**ACTIVITY**
An unchanged copy of all the lines below is expected, and it should contain no pictures.

**INFORMATION SHOWN**
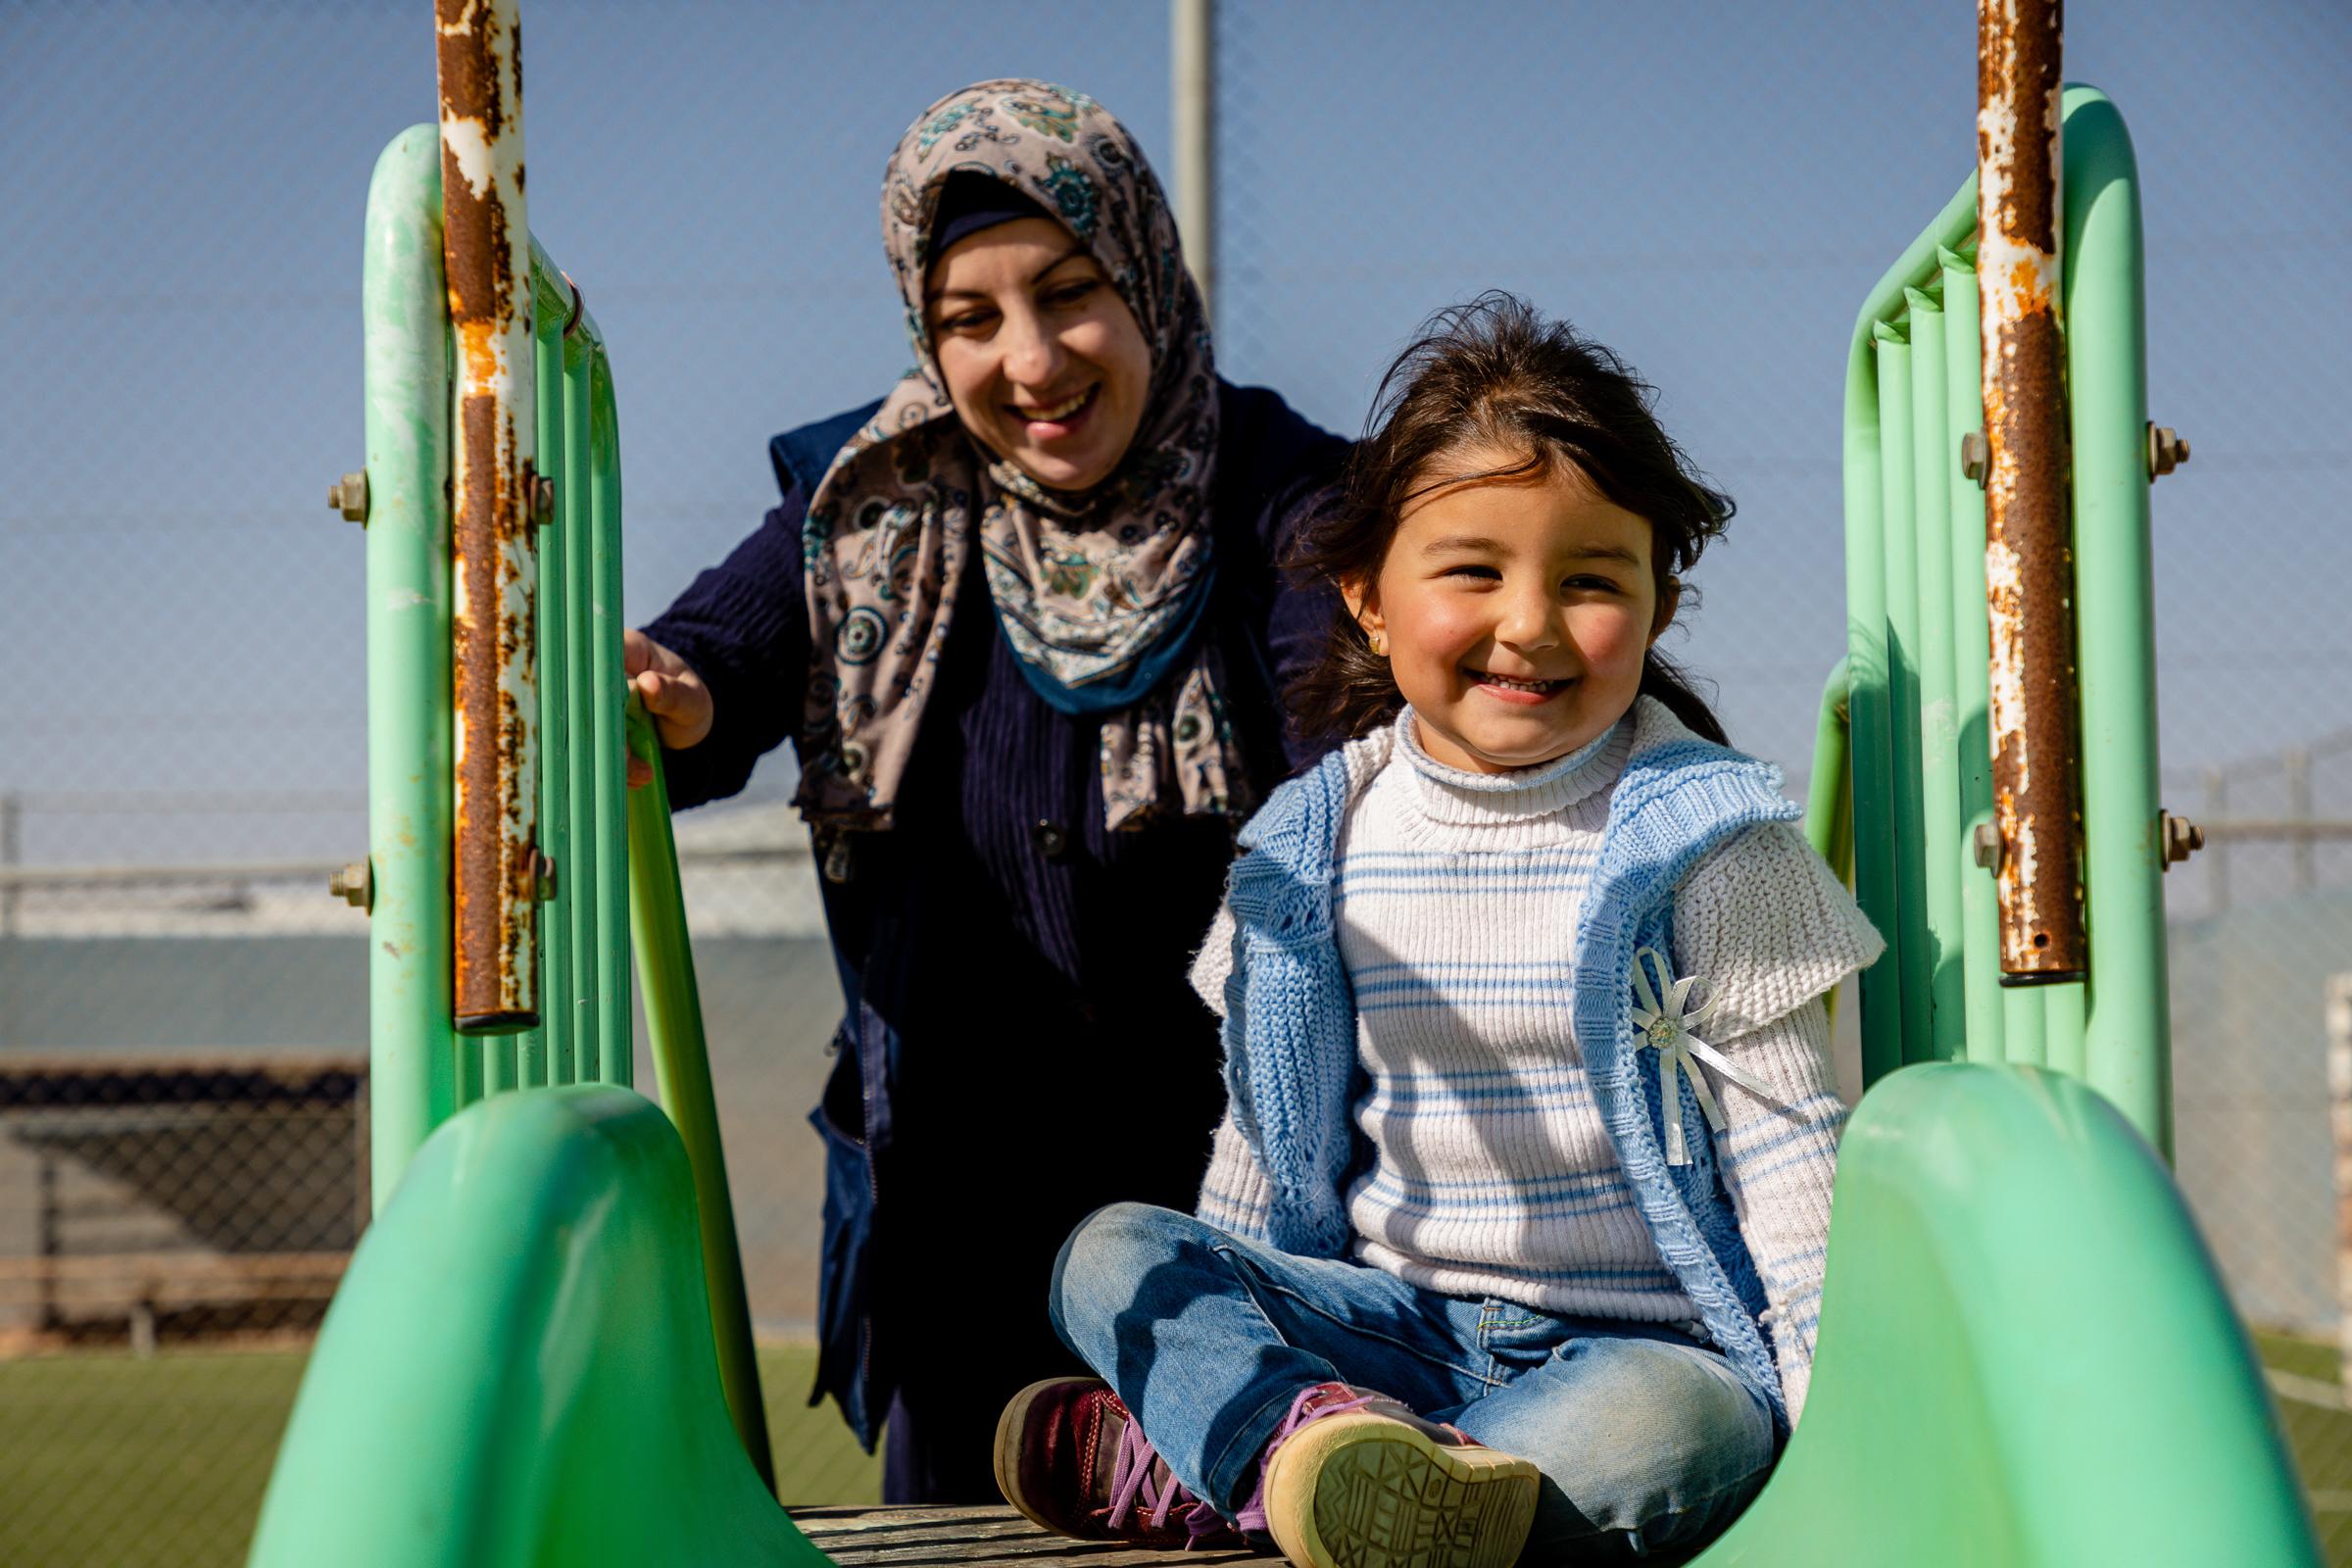 Rana-with-daughter-at-Azraq-ECD-center.jpg
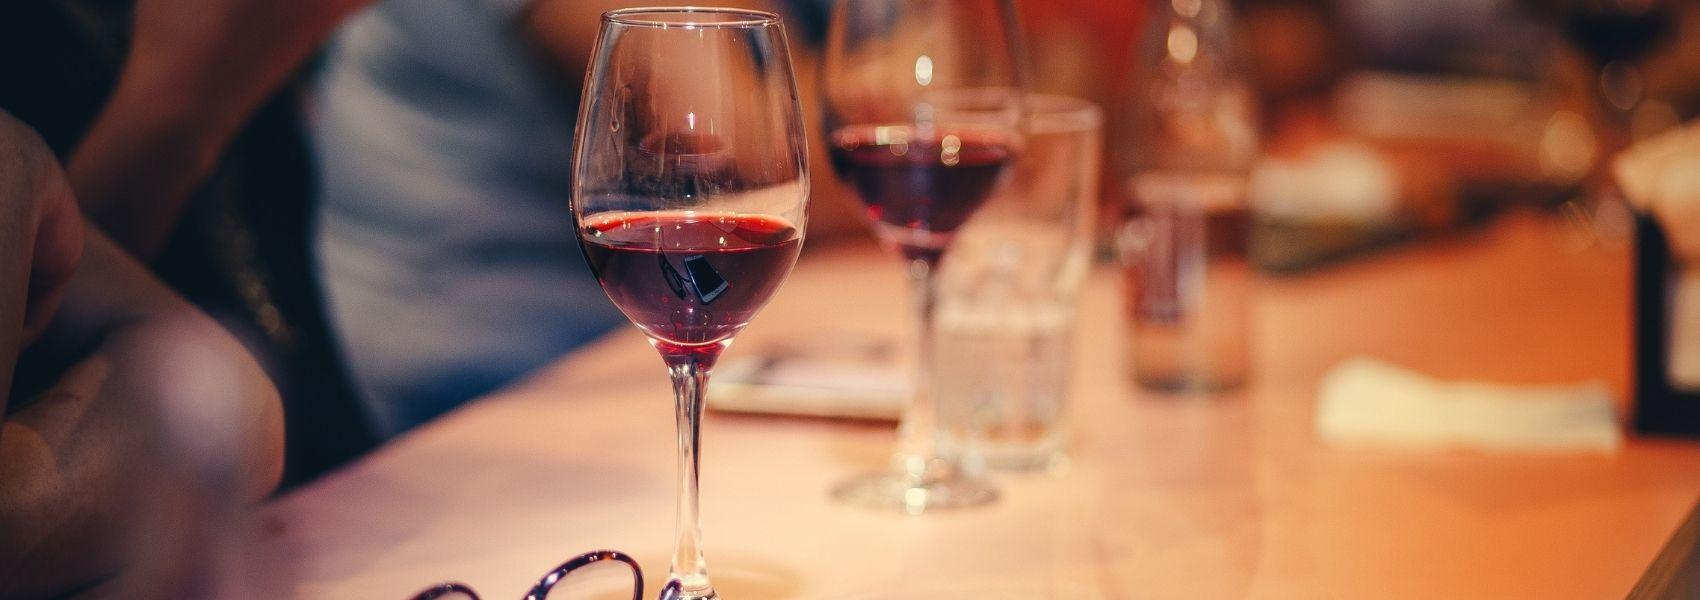 Estudo associa consumo de álcool a menor probabilidade de engravidar
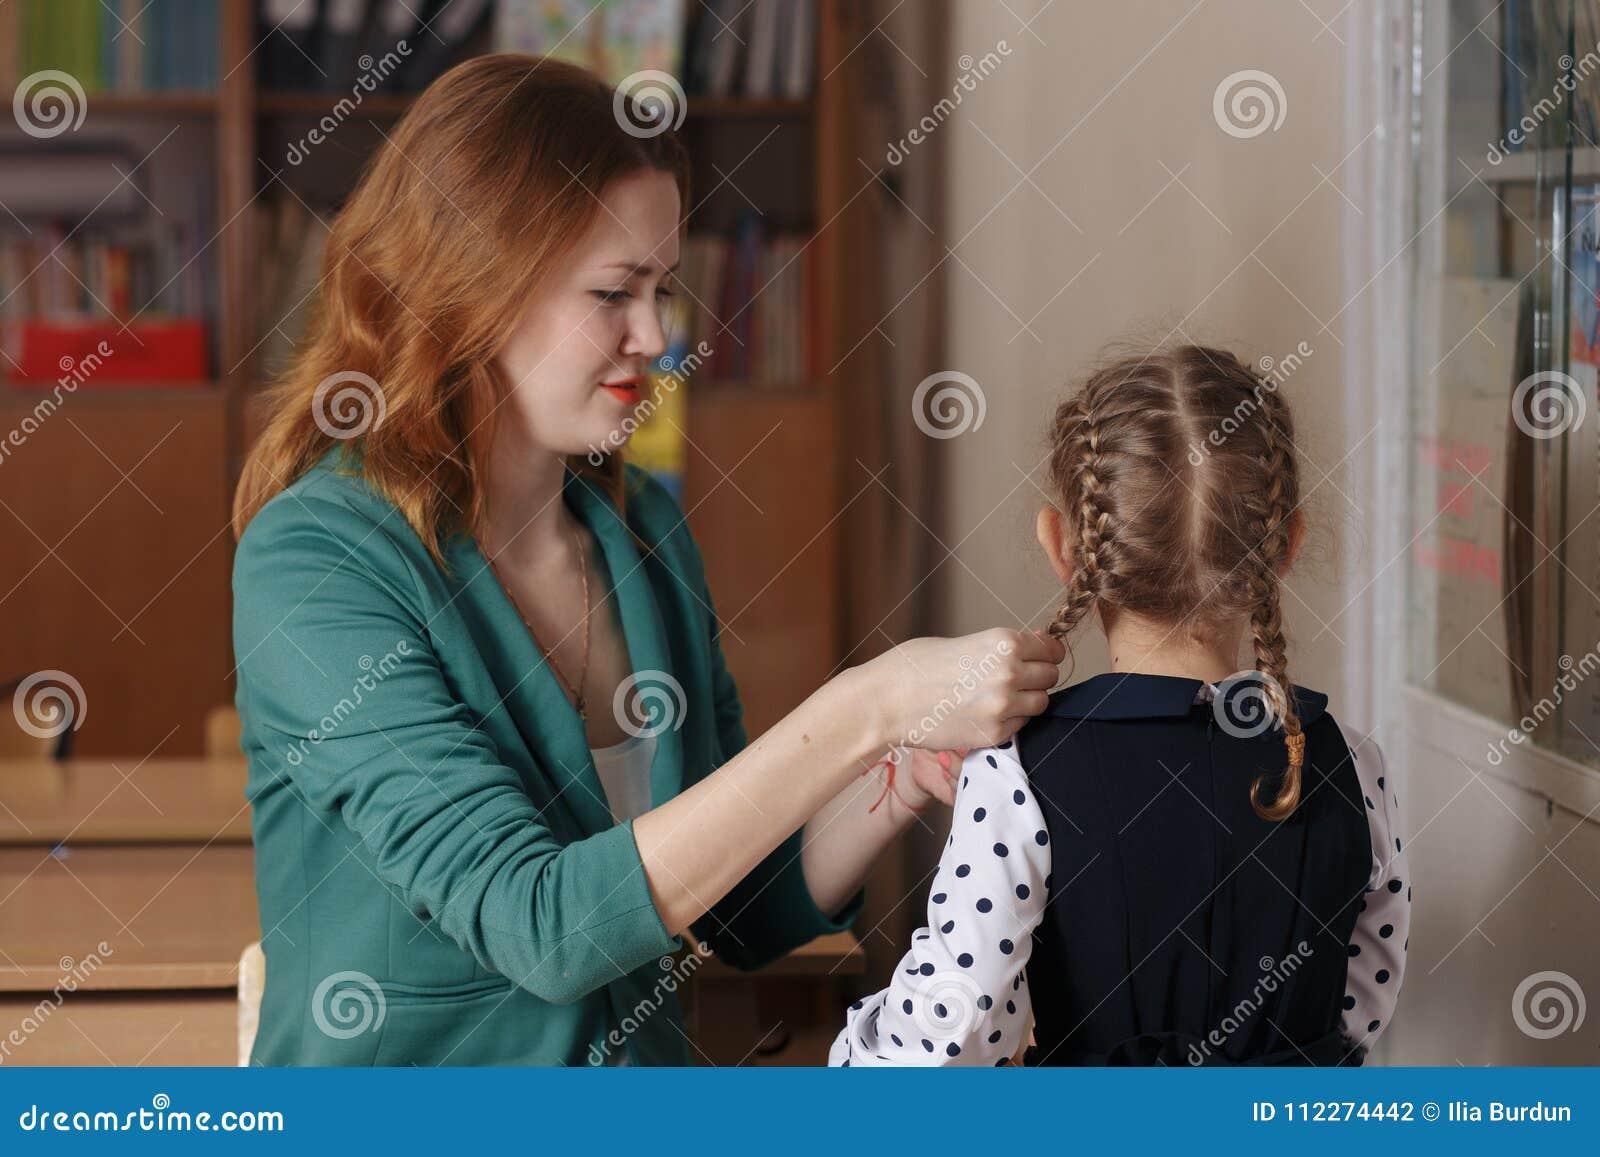 美丽的在家学习女孩和她的年轻的母亲一起读书或

**WRITTEN SOLUTION**
 Rana-with-daughter-at-Azraq-ECD-center.jpg
 Estudo associa consumo de álcool a menor probabilidade de engravidar
 美丽的在家学习女孩和她的年轻的母亲一起读书或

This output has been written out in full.